The Angel

by admin fsg

BENJAMIN VICTOR (1979 – )
The Angel

Bronze
There is no better person to talk about the meaning of this work than its author, the American sculptor Benjamin Victor. In a statement he sent to the Foundation, he talks about the iconological significance of this sculpture.  “Together with the famous photographer Christopher Peddecord, I met some professional dancers to take pictures of them as models for my sculptures. This Angel was inspired by the photos taken of the model and dancer Dayna Marshall. I was amazed by the way in which he was able to twirl in the air without any apparent effort, and at the same time being able to perform dynamic and at the same time soft poses. In my mind I thought of an angel with outstretched wings, floating without any weight and using the lines drawn by his fluid gestures, I composed this sculpture.

The romantic concept of the Angel speaks to us of love and death, of beauty and fragility, of timelessness and temporality. Just as a visual paradox is certainly the contrast between the young and beautiful features of the angel and his austere pose. He is a passionate but at the same time spiritual figure. It is both celestial and human to indicate that we are all both: human beings and spiritual beings as well. ” (B. Victor, 2019)

Stylistically, the work is inspired by European art of the first half of the nineteenth century and in particular by the stylistic features developed in England by the Pre-Raphaelite current, with that language free from academic constraints and dedicated to unusual subjects, linked to the sphere of courtly sentiments , so dear to Romanticism, such as Glory, Love, Repentance and Death, as specified by the artist himself. At the beginning of the nineteenth century, the figure of the Angel becomes central to artistic iconography, merging with the other great figurative element prevailing at that time: the woman.

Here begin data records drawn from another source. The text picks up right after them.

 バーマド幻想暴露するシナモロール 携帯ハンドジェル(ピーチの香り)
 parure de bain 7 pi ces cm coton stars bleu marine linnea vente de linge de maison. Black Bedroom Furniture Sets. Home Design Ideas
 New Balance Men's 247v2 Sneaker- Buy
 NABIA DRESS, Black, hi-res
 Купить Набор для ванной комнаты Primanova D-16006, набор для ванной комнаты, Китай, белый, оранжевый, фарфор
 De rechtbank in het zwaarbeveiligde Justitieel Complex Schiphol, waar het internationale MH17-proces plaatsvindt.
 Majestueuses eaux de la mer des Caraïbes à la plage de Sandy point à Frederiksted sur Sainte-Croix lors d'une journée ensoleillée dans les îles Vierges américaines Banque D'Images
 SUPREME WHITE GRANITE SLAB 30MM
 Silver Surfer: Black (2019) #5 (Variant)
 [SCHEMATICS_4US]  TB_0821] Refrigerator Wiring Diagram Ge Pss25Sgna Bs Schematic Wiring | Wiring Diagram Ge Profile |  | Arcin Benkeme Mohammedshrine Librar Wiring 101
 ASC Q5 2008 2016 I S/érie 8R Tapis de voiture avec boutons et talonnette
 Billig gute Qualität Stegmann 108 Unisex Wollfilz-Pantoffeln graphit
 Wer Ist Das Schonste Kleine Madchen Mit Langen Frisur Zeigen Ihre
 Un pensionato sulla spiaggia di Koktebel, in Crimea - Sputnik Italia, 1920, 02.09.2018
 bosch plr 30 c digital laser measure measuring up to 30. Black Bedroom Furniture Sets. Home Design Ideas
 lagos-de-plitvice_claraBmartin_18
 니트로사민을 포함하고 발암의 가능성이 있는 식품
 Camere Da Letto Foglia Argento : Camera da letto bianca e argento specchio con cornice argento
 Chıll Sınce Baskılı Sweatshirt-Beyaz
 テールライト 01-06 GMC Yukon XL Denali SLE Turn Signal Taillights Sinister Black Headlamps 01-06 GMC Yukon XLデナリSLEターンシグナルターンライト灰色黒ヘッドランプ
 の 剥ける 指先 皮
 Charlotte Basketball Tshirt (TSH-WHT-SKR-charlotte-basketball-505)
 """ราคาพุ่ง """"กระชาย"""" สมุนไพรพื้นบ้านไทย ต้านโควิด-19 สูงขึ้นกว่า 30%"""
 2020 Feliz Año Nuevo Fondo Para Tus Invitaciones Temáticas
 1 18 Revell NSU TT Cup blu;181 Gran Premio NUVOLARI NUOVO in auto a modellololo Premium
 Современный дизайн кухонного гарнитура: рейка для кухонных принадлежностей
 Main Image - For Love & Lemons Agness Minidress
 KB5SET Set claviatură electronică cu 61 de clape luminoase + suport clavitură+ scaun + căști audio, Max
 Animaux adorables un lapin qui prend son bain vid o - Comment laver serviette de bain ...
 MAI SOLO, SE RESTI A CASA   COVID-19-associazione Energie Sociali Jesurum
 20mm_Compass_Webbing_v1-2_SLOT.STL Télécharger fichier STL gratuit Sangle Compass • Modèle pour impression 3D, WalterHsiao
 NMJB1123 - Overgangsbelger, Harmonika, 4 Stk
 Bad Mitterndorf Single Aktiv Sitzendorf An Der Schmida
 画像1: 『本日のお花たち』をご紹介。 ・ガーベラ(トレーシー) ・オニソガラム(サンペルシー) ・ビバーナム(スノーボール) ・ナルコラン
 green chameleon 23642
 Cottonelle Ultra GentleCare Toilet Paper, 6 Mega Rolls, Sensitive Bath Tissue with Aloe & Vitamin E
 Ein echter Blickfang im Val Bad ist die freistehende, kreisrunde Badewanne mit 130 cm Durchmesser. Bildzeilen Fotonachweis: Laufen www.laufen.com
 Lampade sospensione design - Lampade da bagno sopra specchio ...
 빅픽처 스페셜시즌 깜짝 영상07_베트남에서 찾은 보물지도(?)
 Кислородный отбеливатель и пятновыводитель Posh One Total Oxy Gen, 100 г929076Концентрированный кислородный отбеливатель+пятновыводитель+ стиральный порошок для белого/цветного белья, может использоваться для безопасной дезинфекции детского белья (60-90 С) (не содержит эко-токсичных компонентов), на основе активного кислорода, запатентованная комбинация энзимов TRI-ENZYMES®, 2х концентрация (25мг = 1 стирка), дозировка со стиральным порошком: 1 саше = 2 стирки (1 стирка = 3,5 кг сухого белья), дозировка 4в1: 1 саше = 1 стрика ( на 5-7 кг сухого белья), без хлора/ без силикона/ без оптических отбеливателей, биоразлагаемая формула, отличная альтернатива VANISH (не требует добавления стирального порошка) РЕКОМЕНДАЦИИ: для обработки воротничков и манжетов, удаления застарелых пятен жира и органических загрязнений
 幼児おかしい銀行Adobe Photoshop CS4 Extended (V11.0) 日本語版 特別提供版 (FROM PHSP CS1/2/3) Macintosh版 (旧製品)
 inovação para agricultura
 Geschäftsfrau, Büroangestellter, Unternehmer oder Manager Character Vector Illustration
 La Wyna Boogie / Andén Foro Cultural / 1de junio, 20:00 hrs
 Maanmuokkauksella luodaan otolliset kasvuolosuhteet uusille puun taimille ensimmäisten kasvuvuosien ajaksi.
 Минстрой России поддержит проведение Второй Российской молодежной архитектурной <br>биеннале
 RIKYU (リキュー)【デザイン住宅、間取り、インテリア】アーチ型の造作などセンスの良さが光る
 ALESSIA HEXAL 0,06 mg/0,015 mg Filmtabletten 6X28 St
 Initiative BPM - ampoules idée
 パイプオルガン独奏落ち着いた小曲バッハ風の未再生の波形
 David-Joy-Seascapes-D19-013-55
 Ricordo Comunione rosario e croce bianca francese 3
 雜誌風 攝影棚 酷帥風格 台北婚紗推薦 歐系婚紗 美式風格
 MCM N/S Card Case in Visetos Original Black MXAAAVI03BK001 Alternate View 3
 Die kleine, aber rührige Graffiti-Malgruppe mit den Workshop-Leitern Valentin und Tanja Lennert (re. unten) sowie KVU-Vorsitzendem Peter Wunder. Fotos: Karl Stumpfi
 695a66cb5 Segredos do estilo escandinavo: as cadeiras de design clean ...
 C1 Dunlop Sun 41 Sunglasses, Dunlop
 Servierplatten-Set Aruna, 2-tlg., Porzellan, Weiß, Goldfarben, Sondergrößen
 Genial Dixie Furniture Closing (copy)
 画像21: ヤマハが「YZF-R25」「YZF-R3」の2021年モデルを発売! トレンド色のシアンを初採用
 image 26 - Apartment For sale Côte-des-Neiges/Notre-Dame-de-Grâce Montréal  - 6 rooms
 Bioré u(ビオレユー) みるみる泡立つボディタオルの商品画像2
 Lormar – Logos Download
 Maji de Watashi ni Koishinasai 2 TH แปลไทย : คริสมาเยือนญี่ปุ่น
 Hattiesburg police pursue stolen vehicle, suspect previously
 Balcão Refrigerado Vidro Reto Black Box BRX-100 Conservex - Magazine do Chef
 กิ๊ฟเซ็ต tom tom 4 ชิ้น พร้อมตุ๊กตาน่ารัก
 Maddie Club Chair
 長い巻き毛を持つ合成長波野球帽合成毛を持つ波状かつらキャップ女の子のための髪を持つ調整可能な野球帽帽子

In that period, the two figures merge and often get confused in their meanings. The female image is seen with the dual significance of a symbol of purity and eternal damnation. Antipodes of this stereotype are in fact the Virgin Mary and the progenitor Eve, both celebrated by this artistic current, albeit in a more secular way than in the past. As well as the image of the Angel, which always has feminine features – or at least ephebic – which simultaneously becomes a symbol of both innocence and purity, but also of death: a metaphorical personification of the passage between earthly life and eternity.